Tried DBCC DBREINDEX and UPDATE STATISTICS on the table. Both completed within reasonable time.
There is unfortunately a high number of indexes on this particular table. It is the core table in our system, with plenty of columns, and references, both outgoing and incoming. The exact number is 48 indexes + the primary key clustered index.
What else should we look at?
Note also that this table did not have this problem before, this problem occured suddently today. We also have many databases with the same table setup (copies of customer databases), and they behave as expected, it's just this one that is problematic.
One piece of information missing is the number of indices on the table you are deleting the data from. As SQL Server uses the Primary Key as a pointer in every index, any change to the primary index requires updating every index. Though, unless we are talking a high number, this shouldn't be an issue.
I am guessing, from your description, that this is a primary table in the database, referenced by many other tables in FK relationships. This would account for the large number of locks as it checks the rest of the tables for references. And, if you have cascading deletes turned on, this could lead to a delete in table a requiring checks several tables deep.

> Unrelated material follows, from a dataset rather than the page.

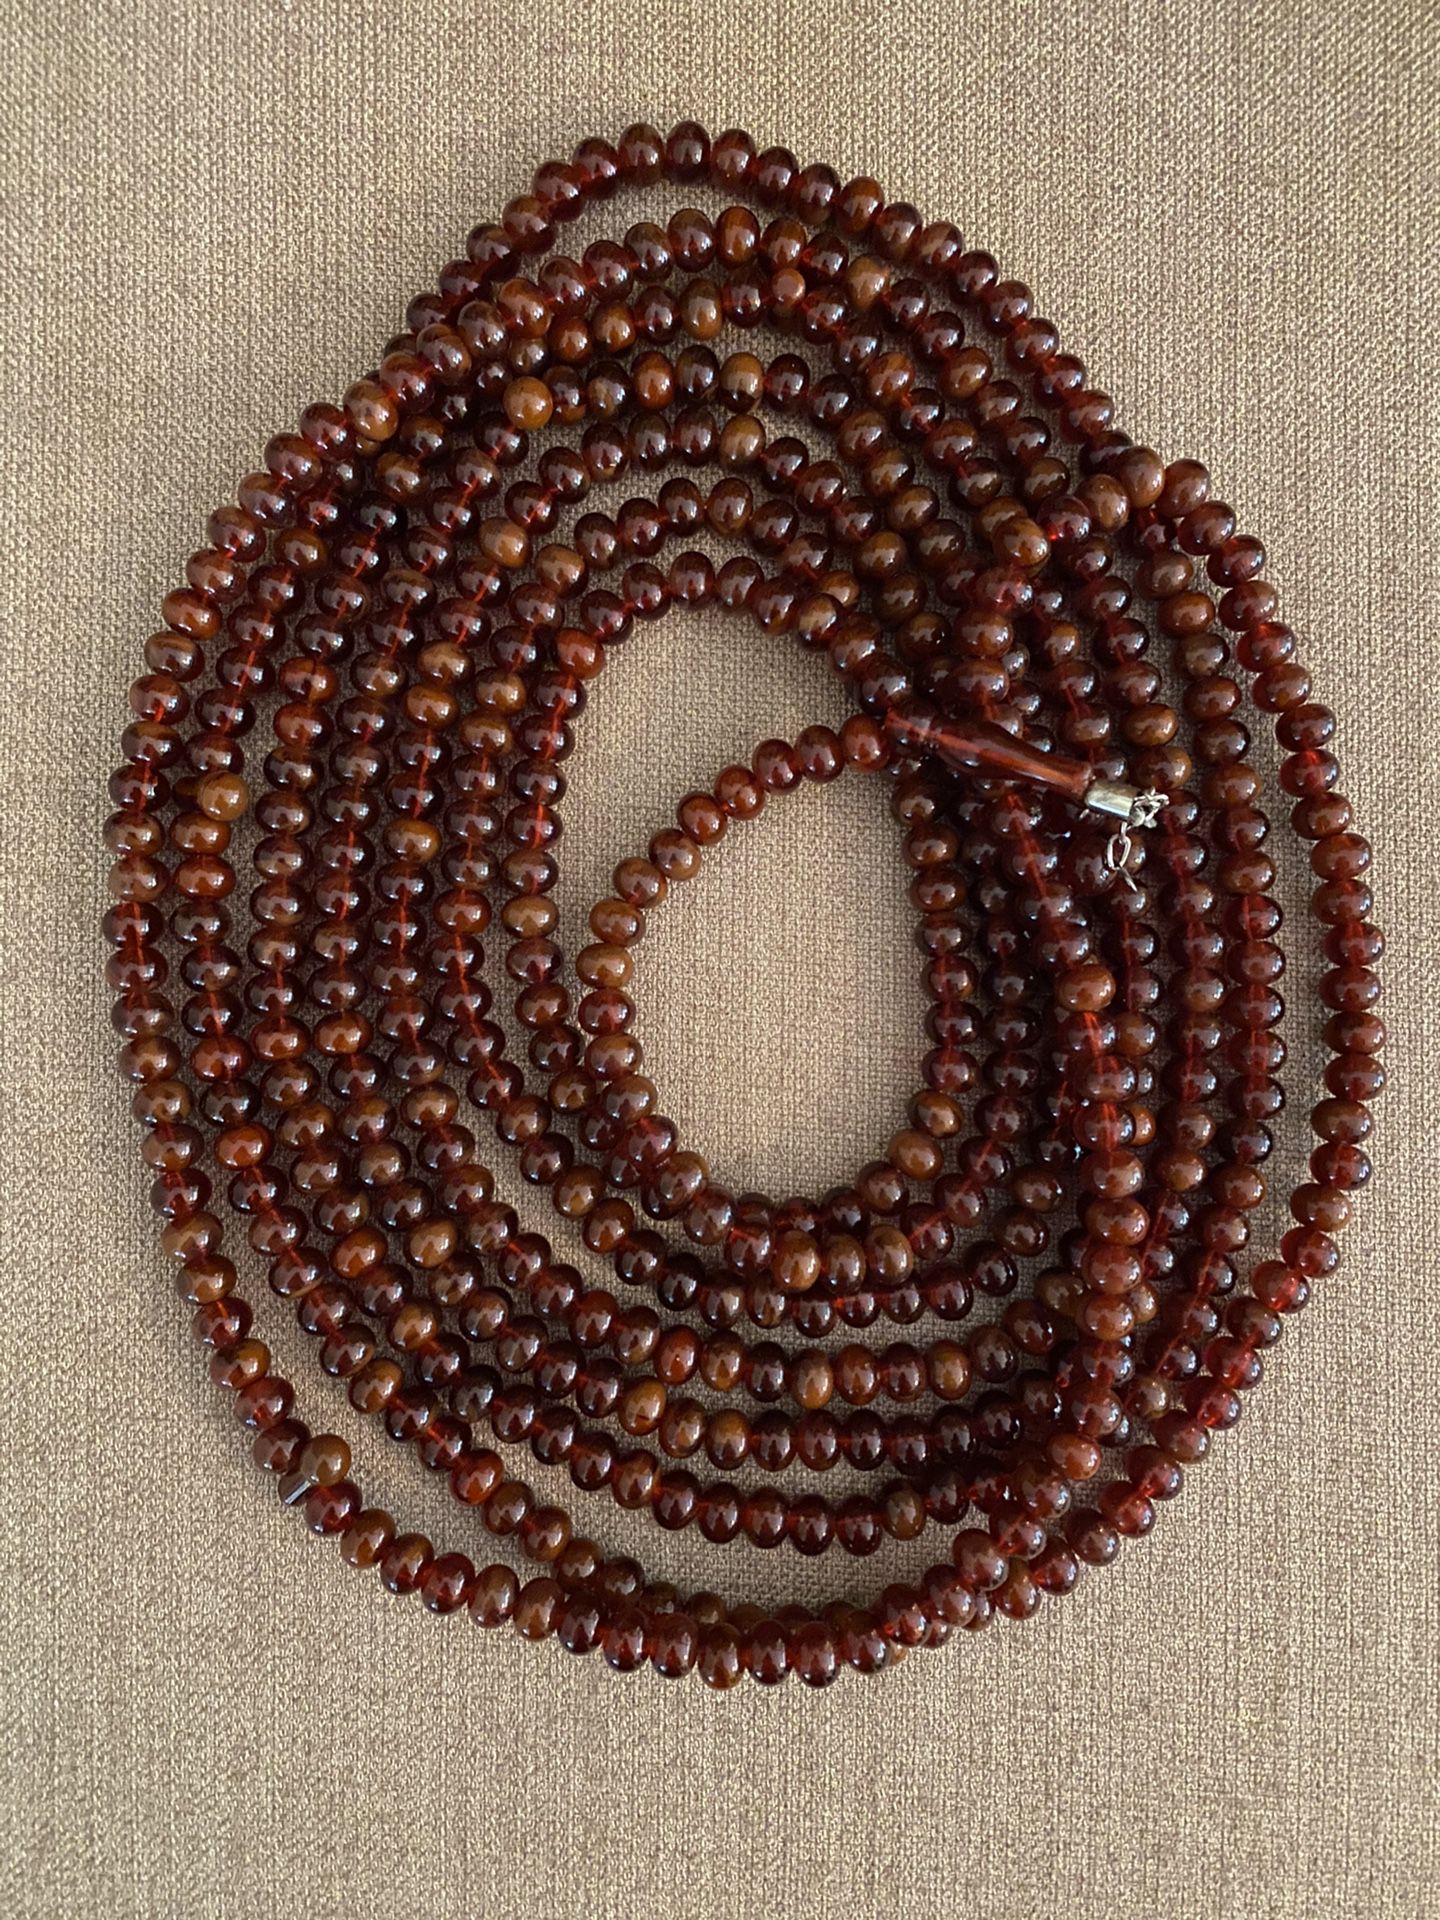 500 beads tasbeeh for muslims. Islamic gift

Try recreating the index on that table, and try regenerating the statistics.
DBCC REINDEX
UPDATE STATISTICS
Ok, this is embarrasing.
A collegue had added a trigger to that table a while ago, and the trigger had a bug. Although he had fixed the bug, the trigger had never been recreated for that table.
So the server was actually doing nothing, it just did it a huge number of times.
Oh well...
Thanks for the eyeballs to everyone who read this and pondered the problem.
I'm going to accept Josef's answer, as his was the closest, and indirectly thouched upon the issue with the cascading deletes.